A violência como a insegurança pessoal e coletiva são chocantes. Mas onde o contraste chega a ser gritante está entre os aspectos sociais em sentido amplo e o setor político especificamente, como se ele não fosse intrinsecamente social. No entanto, parecem dois mundos incomunicáveis. Em verdade, porém, eles são comunicantes. O que acontece no segmento público, geralmente denominado “político”, acontece porque a sociedade o suporta e convive com ele.
O leitor pode ter ficado surpreso com o que acabou de ler, mas lembro que no mesmo período de progresso notável o país conheceu sucessivas anomalias institucionais, algumas de suma gravidade e longa duração, nas quais houve de tudo, violência, exílio, tortura, arbítrio puro e insegurança ilimitada, e o mais que se imagine. E essas situações incompatíveis conviveram, despudoradamente, no tempo e no espaço, como se fossem naturais.
Era natural que a promiscuidade deixasse os seus estigmas. Em outras palavras, a descarada comborçaria não podia deixar de infiltrar-se nos costumes e nos conceitos, em que se misturavam o ético e o dissoluto, a fidelidade e a felonia. Em suma, uma espécie de ceticismo, para não dizer cinismo, ou desbragado relativismo, a contaminar tudo.
Não ignoro ser difícil quantificar os malefícios dessa descompostura praticada sem rebuços. Mas o fato, notório, não passou sem consequências e consequências perniciosas e duradouras, ainda que imperceptíveis ao desatento. Haveria outros fatores a considerar, dos mais relevantes, como a deterioração partidária resultante das duas dissoluções em meia dúzia de anos. Mas é hora de concluir. O que está acontecendo tinha de acontecer, diante dos cavilosos desígnios perseguidos quando o regime autoritário entrou a caducar.
O certo é que os últimos fatos referentes à capital da República, que, a despeito de sua divulgação documentada, não impressionaram o honrado presidente Luiz Inácio, porque “a imagem não fala”, para no dia seguinte, passarem a ser “deploráveis”, ultrapassaram a medida.
Aliás, o caso do mensalão é de ontem e o seu principal beneficiário não é outro que o nosso “Filho do Brasil”, incensado em filme laudatório, apoiado por empresas que têm interesses com o governo.

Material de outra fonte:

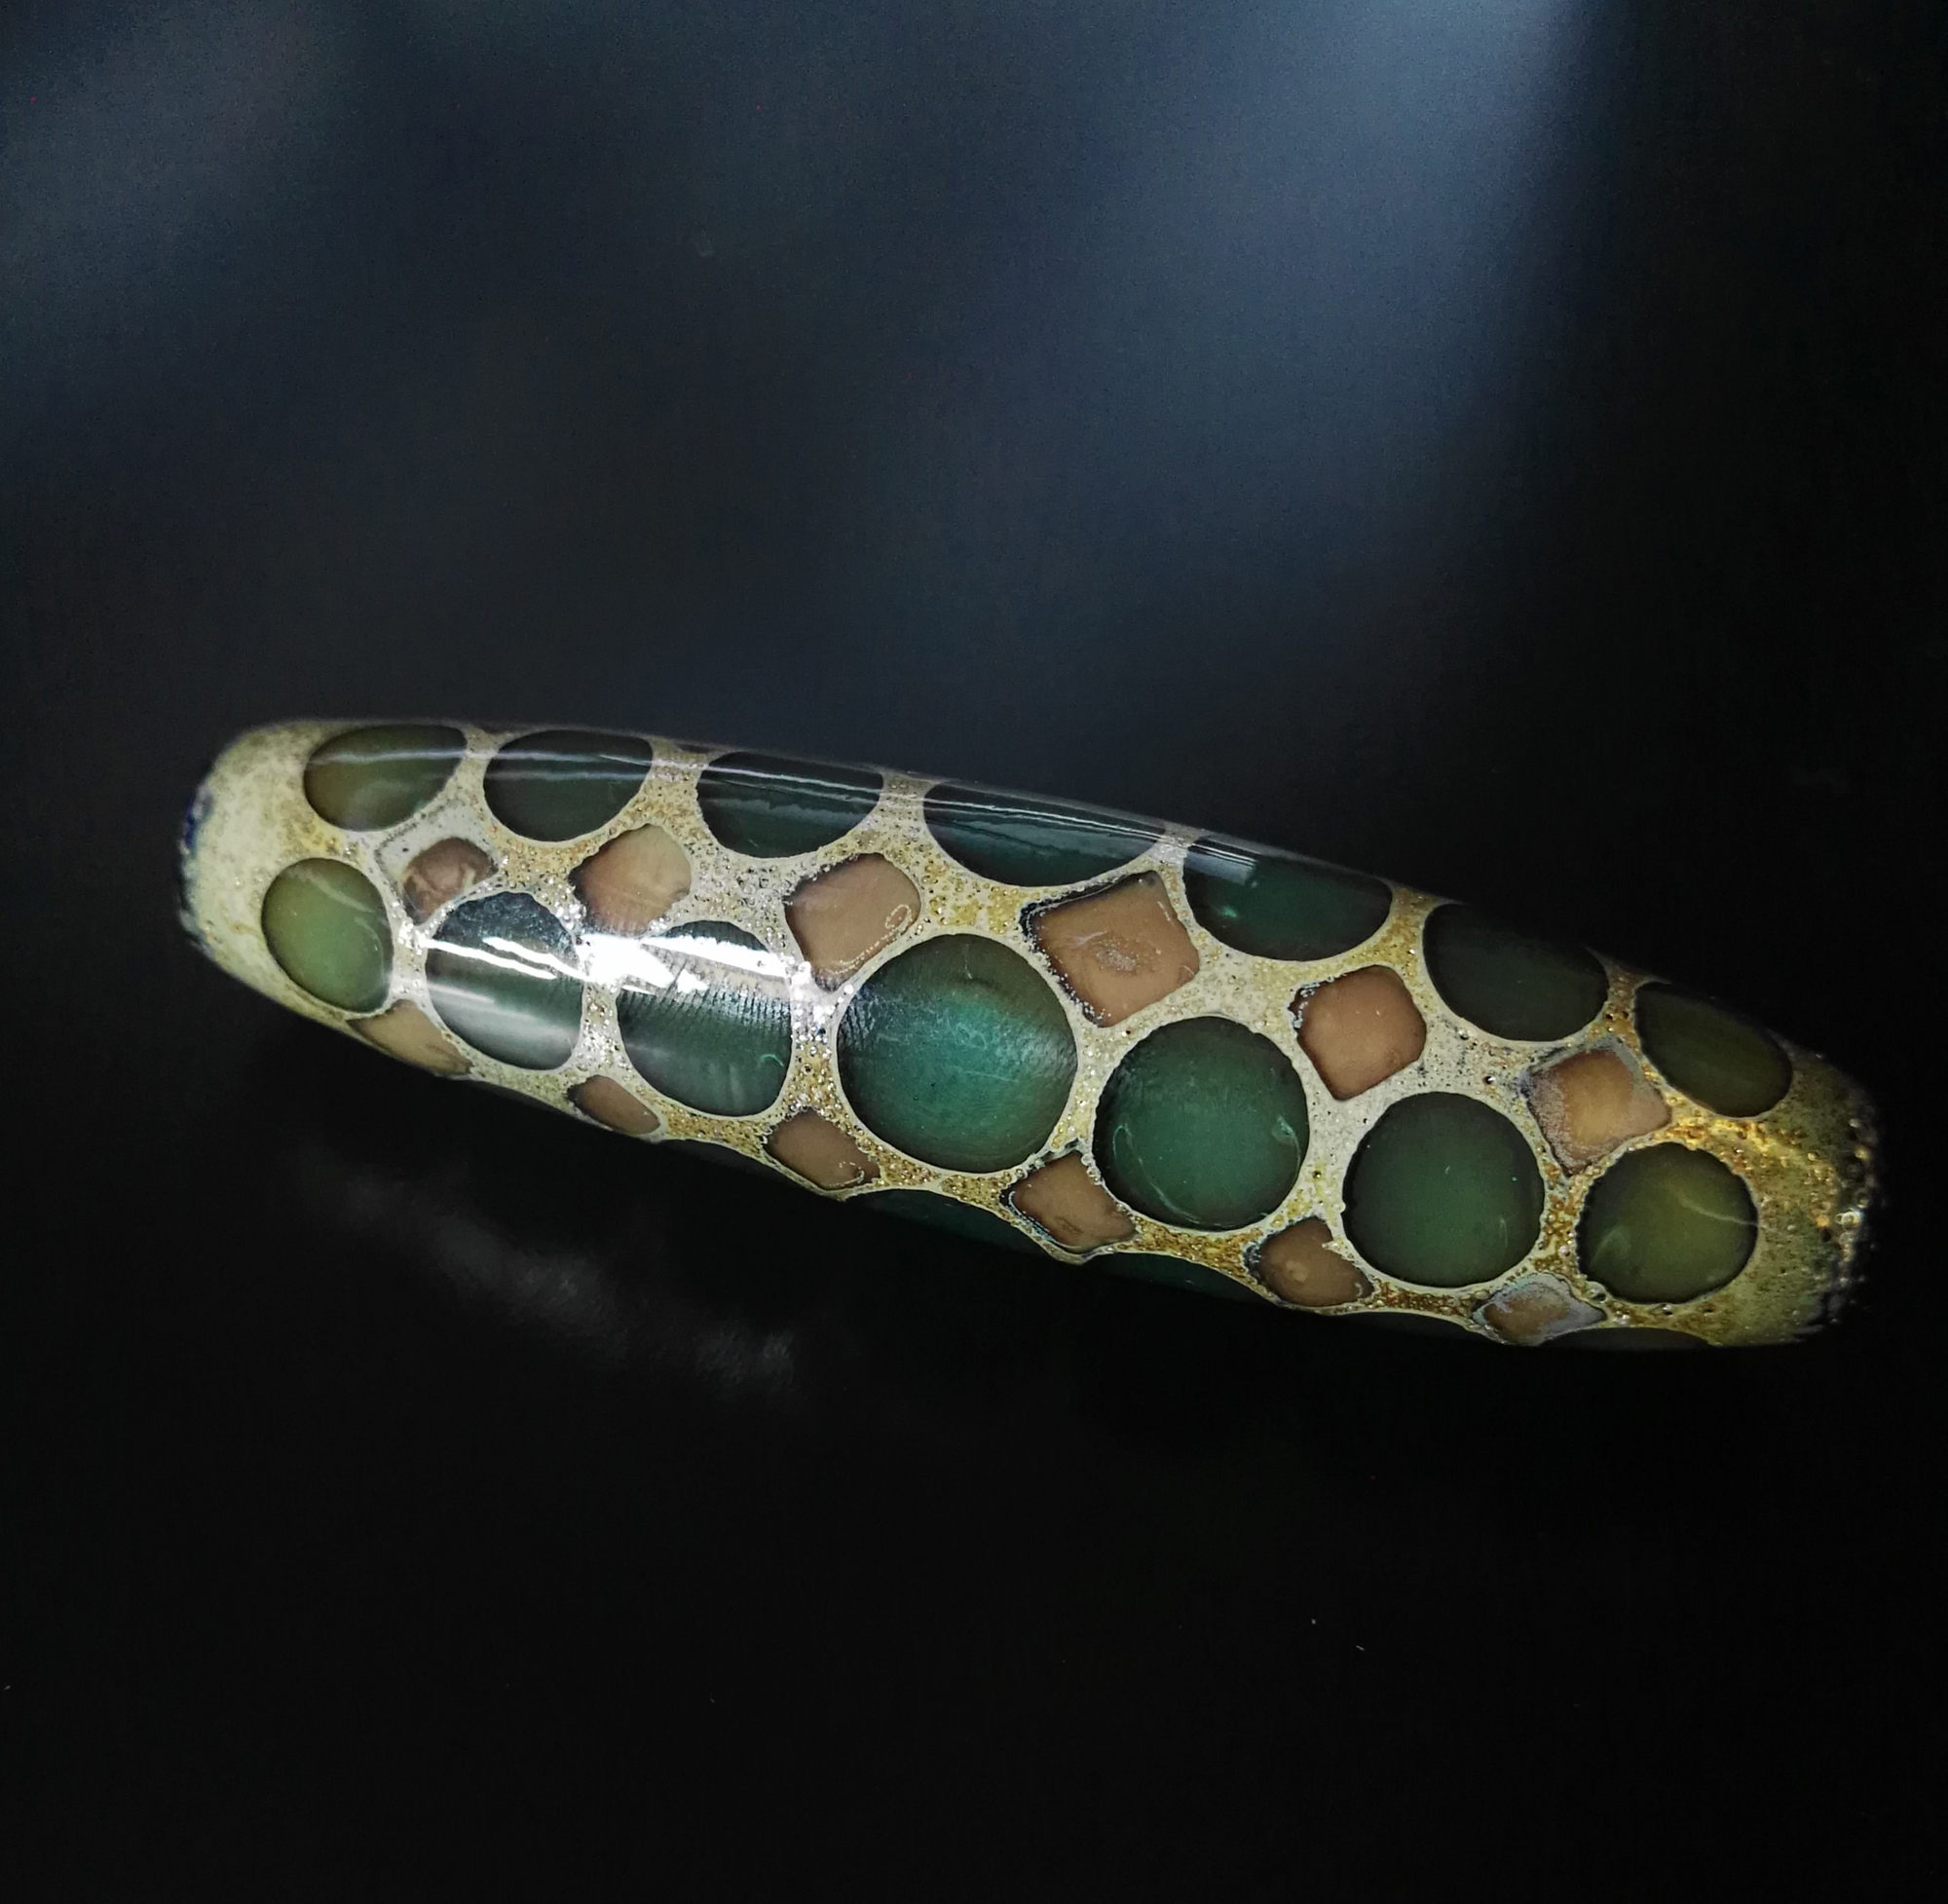 Murano glass bead in lagoon green by Alessia Fuga- perla di vetro in verde laguna fatta a mano da Alessia Fuga

Desnecessário dizer que não posso emitir juízo sobre o caso relativo ao Distrito Federal. Contudo, são tantas e de tamanha gravidade as imputações à sua administração, que, observadas as formalidades legais, poder-se-á dizer que foi exaurido tudo quanto se conhecia a respeito de ilicitude e talvez venham a provocar uma reação viril da nação desrespeitada.
Ainda bem que as chuvas cessaram e a meteorologia vai parar de castigar o Rio Grande.